Exercise details: Out of the listing below, copy every line that carries the string "Stockfoto".
-- Information follows --
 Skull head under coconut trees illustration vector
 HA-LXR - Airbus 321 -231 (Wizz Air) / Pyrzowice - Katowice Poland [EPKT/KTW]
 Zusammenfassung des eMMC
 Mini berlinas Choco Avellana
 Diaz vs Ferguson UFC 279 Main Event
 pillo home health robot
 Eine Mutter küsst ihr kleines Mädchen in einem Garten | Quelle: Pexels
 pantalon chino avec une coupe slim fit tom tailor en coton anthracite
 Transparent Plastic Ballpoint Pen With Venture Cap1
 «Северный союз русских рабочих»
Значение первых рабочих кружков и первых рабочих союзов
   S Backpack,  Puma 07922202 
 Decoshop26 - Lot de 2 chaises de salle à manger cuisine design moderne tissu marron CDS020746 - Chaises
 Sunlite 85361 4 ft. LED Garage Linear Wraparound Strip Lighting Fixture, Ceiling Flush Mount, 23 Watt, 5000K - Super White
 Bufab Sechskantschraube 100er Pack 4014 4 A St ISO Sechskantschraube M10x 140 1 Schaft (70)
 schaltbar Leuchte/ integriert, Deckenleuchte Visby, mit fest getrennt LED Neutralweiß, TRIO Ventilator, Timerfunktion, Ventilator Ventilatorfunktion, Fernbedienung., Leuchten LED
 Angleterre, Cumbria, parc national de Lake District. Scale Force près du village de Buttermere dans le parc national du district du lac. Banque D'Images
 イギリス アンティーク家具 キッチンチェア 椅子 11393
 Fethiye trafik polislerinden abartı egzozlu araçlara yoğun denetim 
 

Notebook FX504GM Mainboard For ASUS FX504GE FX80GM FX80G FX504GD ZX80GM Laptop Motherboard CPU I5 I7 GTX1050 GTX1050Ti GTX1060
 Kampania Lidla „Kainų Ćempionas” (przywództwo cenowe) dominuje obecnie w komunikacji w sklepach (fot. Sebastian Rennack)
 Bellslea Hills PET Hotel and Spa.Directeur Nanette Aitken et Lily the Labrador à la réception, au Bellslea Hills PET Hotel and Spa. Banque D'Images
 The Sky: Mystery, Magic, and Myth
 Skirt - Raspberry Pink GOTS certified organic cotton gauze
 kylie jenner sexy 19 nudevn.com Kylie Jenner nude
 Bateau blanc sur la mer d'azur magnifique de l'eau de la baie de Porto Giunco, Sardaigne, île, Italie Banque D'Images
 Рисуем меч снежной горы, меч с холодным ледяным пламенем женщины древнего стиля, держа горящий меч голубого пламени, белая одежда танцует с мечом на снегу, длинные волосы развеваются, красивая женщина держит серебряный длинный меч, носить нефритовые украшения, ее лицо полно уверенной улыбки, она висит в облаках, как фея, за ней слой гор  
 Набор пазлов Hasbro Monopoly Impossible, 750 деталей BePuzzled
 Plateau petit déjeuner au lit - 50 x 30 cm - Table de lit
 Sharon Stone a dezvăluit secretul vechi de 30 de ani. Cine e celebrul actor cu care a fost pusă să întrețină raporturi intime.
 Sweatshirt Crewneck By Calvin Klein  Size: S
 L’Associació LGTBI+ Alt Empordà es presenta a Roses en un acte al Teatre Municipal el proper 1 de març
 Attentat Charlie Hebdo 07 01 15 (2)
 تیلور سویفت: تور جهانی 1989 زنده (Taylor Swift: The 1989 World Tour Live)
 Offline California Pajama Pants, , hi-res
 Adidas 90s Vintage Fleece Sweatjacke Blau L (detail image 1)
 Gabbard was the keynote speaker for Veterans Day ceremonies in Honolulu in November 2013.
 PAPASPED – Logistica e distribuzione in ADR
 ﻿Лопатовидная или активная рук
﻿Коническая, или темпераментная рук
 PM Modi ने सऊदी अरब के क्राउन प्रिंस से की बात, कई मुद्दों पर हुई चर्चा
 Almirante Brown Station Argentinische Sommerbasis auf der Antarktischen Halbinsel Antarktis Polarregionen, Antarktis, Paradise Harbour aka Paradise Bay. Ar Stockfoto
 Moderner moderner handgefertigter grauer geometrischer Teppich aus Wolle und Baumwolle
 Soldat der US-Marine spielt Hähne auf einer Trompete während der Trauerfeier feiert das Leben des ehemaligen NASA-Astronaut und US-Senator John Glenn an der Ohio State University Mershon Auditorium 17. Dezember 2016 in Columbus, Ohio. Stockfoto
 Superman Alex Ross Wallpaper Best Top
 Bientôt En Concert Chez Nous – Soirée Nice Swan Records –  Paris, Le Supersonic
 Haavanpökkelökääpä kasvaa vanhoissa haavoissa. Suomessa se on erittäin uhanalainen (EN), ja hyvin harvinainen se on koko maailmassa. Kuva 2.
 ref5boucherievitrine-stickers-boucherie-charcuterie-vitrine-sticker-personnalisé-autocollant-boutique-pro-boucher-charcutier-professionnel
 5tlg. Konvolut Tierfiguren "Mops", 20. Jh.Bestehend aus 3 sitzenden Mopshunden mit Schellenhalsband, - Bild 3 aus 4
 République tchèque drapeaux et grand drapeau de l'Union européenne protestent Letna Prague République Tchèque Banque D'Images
-- Information concluded --
Output of the exercise:
 Almirante Brown Station Argentinische Sommerbasis auf der Antarktischen Halbinsel Antarktis Polarregionen, Antarktis, Paradise Harbour aka Paradise Bay. Ar Stockfoto
 Soldat der US-Marine spielt Hähne auf einer Trompete während der Trauerfeier feiert das Leben des ehemaligen NASA-Astronaut und US-Senator John Glenn an der Ohio State University Mershon Auditorium 17. Dezember 2016 in Columbus, Ohio. Stockfoto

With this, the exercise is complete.